Source records:
****
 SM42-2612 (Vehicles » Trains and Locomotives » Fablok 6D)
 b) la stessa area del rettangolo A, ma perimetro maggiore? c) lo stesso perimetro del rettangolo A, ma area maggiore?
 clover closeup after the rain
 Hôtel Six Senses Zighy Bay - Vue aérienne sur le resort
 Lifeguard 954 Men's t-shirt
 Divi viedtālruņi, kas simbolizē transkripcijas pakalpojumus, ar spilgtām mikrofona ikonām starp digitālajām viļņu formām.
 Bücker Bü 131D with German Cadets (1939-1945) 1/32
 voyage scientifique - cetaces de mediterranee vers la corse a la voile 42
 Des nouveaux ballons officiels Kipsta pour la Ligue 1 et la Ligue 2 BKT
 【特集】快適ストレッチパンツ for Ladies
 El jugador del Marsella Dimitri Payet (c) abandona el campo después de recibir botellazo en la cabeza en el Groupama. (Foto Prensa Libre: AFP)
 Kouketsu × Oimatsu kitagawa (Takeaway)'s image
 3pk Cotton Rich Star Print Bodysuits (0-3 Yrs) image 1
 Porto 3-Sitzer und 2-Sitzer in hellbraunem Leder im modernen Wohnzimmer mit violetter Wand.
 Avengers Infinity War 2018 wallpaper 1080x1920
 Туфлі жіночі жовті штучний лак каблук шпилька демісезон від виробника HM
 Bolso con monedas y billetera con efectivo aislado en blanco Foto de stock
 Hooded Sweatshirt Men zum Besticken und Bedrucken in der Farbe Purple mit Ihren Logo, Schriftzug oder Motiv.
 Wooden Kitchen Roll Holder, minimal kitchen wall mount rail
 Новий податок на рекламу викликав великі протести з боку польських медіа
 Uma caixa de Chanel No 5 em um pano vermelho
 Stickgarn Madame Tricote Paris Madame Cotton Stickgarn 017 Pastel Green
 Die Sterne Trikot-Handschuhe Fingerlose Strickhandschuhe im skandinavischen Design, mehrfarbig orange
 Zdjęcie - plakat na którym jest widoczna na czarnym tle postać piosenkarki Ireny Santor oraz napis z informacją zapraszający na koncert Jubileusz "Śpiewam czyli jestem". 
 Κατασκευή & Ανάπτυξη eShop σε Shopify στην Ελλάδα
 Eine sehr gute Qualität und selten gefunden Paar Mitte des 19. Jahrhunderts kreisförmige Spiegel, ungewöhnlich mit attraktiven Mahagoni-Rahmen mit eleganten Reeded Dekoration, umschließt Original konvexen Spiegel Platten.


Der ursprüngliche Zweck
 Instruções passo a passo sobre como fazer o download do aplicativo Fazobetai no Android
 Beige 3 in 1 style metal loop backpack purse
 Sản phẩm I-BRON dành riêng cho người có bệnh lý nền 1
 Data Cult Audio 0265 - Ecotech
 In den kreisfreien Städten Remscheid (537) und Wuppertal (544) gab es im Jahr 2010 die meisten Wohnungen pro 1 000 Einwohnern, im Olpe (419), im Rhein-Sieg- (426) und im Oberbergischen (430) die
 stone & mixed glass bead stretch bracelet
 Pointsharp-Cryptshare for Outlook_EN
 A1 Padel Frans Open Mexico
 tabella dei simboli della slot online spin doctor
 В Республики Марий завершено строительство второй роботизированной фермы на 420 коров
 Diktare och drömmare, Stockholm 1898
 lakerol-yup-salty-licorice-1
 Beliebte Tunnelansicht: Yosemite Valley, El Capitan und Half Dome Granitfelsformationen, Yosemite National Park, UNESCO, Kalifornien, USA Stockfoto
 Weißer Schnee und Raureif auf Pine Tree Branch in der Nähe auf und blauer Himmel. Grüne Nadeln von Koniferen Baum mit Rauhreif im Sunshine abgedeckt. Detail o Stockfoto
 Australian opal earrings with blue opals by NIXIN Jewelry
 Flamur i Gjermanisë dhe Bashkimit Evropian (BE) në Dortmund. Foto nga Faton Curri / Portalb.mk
****
▶ _What to do_: Report each line in the entries where the string "with" occurs.

▶ _Response for this exercise_:
 Bücker Bü 131D with German Cadets (1939-1945) 1/32
 Australian opal earrings with blue opals by NIXIN Jewelry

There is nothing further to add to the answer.